Saturday, December 3, 2011

Nearing the End.


Graduation is only 2 weeks away! As graduation approaches, I've been reflecting on the Lord's goodness to me during my time at Talbot, and His transforming work in my life.

I read a few papers from the past few years, and I am overwhelmed by His steadfast love and mercy.

This is the application portion from a paper I wrote on Romans 8:1-11 last fall semester (October 27, 2010), for my Romans class. I actually wrote about the experience in a previous blog post:

"The present realities that there is no condemnation in Christ and the Spirit lives within believers are freeing and exciting truths for believers! These truths describe the life we have in Christ and in the Spirit, which is not a struggle between flesh and spirit – a battle that seems hopeless, but it is a life that is characterized by life and peace. The truth that the very Spirit that raised Christ from the dead dwells in us is powerful.

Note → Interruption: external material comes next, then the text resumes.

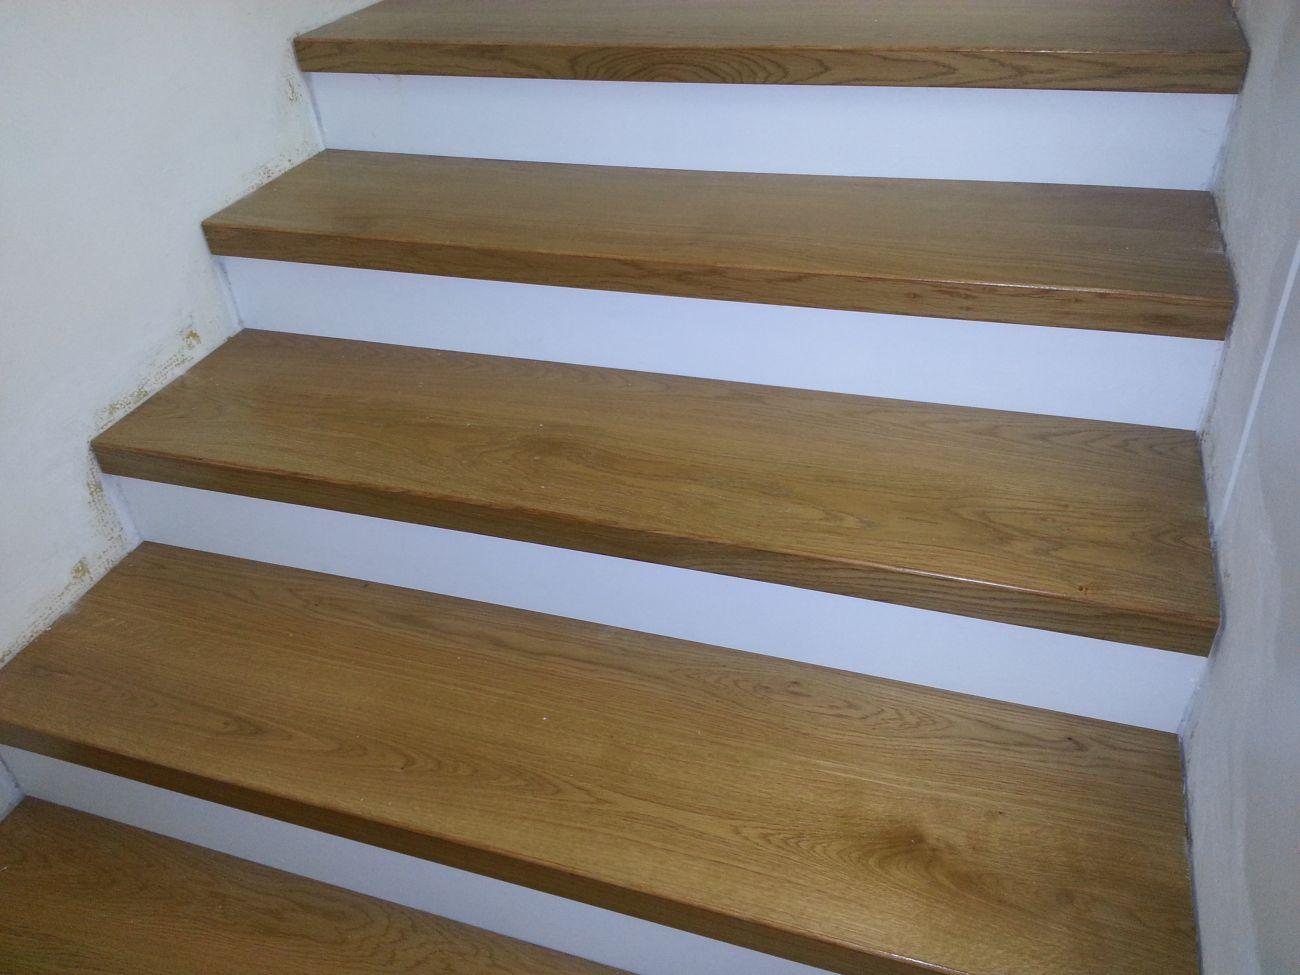 Parquet per esterni soriano pavimenti in legno - Rivestimenti scale interne in legno ...

Writing this paper brought great joy to me, because as I meditated on these truths, I saw and felt much hope and freedom. Because I often feel guilt and condemnation which leads to a spiral down into despair, the truth that there is no condemnation in Christ is greatly freeing. For someone who struggles with the guilt and shame of depression, this truth has been transforming for me and gives me great hope. The reality that the Spirit lives within me and that there is life and power in Him also gives me great hope as I know this is a struggle that is not hopeless, but that there is victory and there is hope in the transforming work of the Spirit. While it is hard to confront the pain of looking at myself and the pain of my past, I see the hope that Christ and the Spirit give. Even in the pain and suffering, I know that Christ is holding me in His loving arms and that the Spirit’s power lives within me – and this gives me great comfort and hope.

I found so much joy in these truths that I actually started dancing in the middle of writing this paper because I cannot contain the joy that I feel while thinking about the great freedom and hope I have in Christ. I am thankful for the consolation God has given me while writing this paper, since it has been awhile since I’ve felt this excited. I love the truths of Romans 8 and having the opportunity to study these truths. I am now exuding with joy."

As I read this paper today, I was moved to tears at the how the Lord has truly brought so much freedom to my life. Even in the midst of a time when I was in a deep depression, the Lord showed me the transforming power of His truth and love through His Word, and through community. I am not the same person I was when I entered Talbot three and a half years ago, or even a year ago, and I am thankful for the Lord's grace in my life.


I am overjoyed! This picture is from a Talbot hoodie photo shoot, courtesy of Wade Chan. I love this jumping picture with my fellow Talbot A.S. teammates with Josh, Andrew, Annalyssa, and Crystal.
I also love this picture - just shows how amazing our Talbot faculty and staff are. From the left: Dr. Richard Rigsby - Hebrew professor/Talbot Bible Lands professor/my Talbot grandpa; Dr. Scott Rae - Philosophy Professor; Anita Regehr - Talbot receptionist a.k.a. Talbot mom; Gail Neal - Bible Exposition/Philosophy Departmental secretary.